I admit it. Studying all the complexities of the construction industry can leave me feeling a bit disoriented and stressed. After trying to wrap my head around immense muti-stage projects, labyrinthine government arrangements and those cutting-edge building techniques you’d need another advanced degree just to visualize, a short break begins to sound like a good idea.

By Jeff Rubenstone

It’s important to not lose sight of what really interests you about the industry, if only for your mental health. And after spending some time in the pressure-cooker world of modern construction, I knew I had to find some degree of balance.
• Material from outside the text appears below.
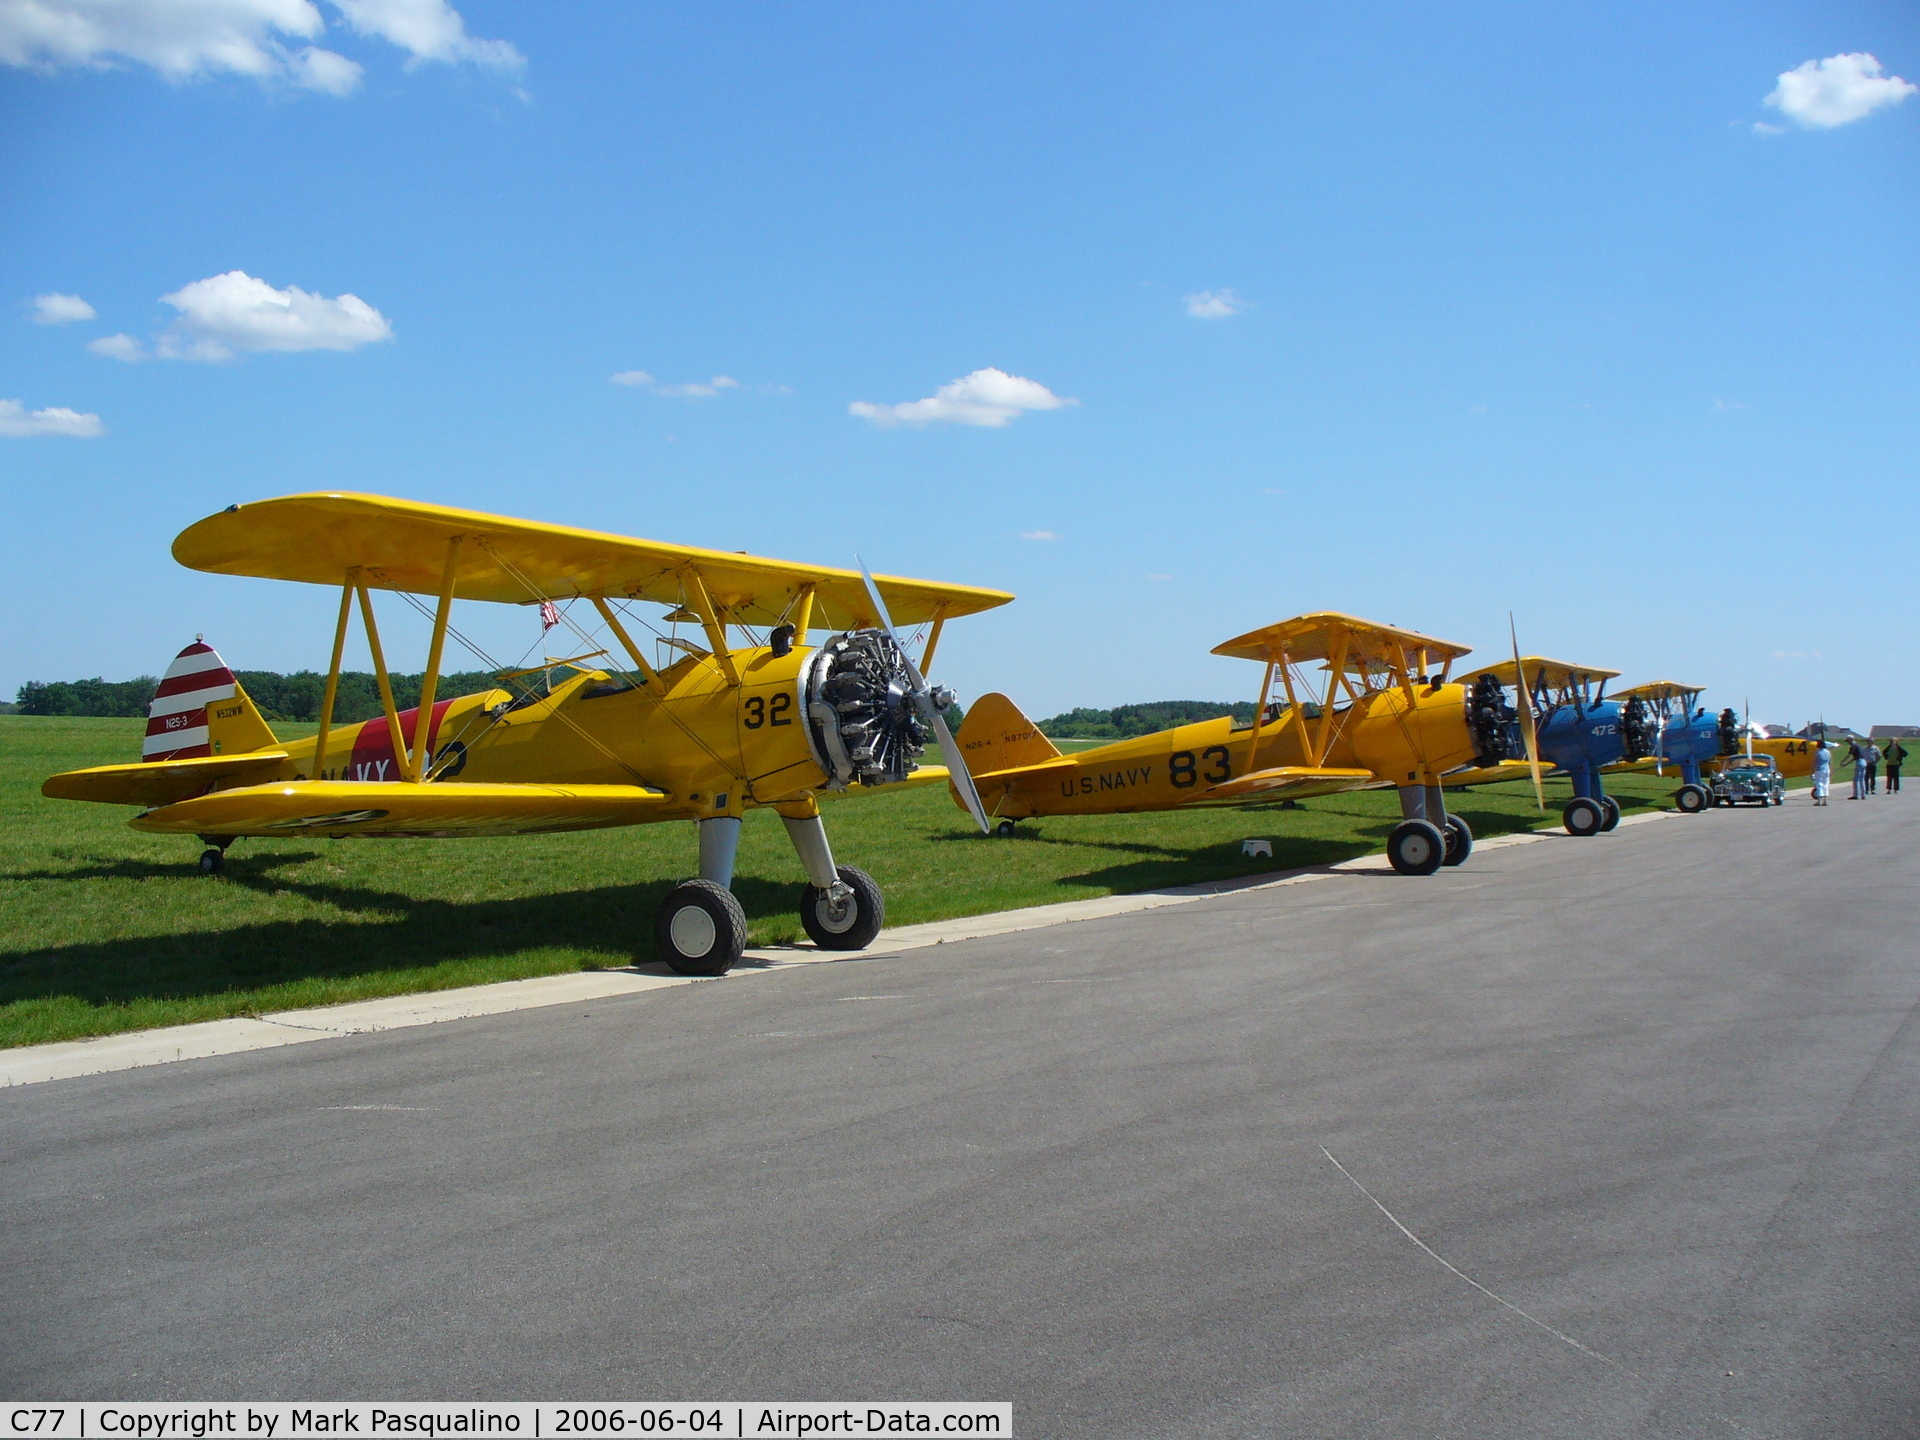 Poplar Grove Airport (C77) - Four of nine Stearmans based at Poplar Grove

I knew I had to go back. Back to the first place I really saw construction and engineering at work, where my interest began.

For their open house event last week the Department of Public Works in Piermont, N.Y. went all out. Streetsweepers, bucket trucks and other vehicles were arrayed in front of the garage, each affixed with a typed index card describing its name and function. Small children climbed into the cabs of backhoes and other earthmovers. Next to a table of complimentary cookies and brownies, a colorful collage of photographs chronicled the department’s projects from recent years. Townspeople wandered about over the course of the day, curiously eyeing the looming machinery. Somewhere a child squealed with delight as it bounced behind the steering wheel of a dump truck.

Kids love the big equipment.
(Photo by Richard Korman for ENR)

Piermont is an incorporated village about a dozen miles north of New York City, the first river town on the West side of the Hudson River, four miles south of better-known Nyack. The Department of Public Works, formerly known as the Piermont Highway Department (I suppose someone finally noticed there are no actual highways in the Village of Piermont), has served as the Swiss army knife of local public construction and maintenance for as long as I can remember. Every winter the department’s drivers plow the snow from the town’s narrow streets; every spring there are roads to be repaired; and every year there are public works to be worked. Whether it’s building retaining walls along the hillside that borders the town’s main street or installing a kayak launch on the docks of the Hudson River, DPW is on the job.

Of course, back when I got to know them they were still the Piermont Highway Department. For the first seven years of my life I lived in an apartment adjacent to the garage that continues to serve as their headquarters. For a little kid it was the coolest place on earth. Piermont wasn’t particularly busy, and it’s Highway Department wasn’t the hive of activity you might see in larger towns. Most of the time the great machines sat dormant in the garage or on the street outside, where the workers would wash and polish them with pride. I watched these rituals with a level of fascination that only a small child can muster. And then there were those rare instances when, like the children at last week’s open house, I was allowed to climb into the cab of one of the great behemoths and pretend to drive the biggest toy in the world.

By the time I moved away I was pretty nonchalant about the whole thing, never realizing just how unusual my first playground had been. I’d seen a side of modern life most don’t even know exists. When the average person sees construction work they pass by without a second thought. Perhaps they’ll slow down and rubberneck if they’re bored, but they don’t meditate long on roadwork efforts or construction sites.

But if you really want to understand construction, that’s it right there: workers building roads and laying foundations, regular guys pouring concrete or operating a bulldozer. It’s easy to gloss over all of that when you’re looking at budget breakdowns and endless spreadsheets, while the steel, glass and concrete structures seem to rise up almost organically. But it only happens because real people are there doing the job, accomplishing those incremental steps with tools that range from the handheld to some as large as a city block.

Suddenly the world of construction doesn’t feel so overwhelming. Underneath all that bureaucracy and technology, it’s just normal people, doing practiced tasks not that far removed from what the Piermont Department of Public Works (it’ll always be the Highway Department to me) does every day. Construction has always been about people, and sometimes I forget that.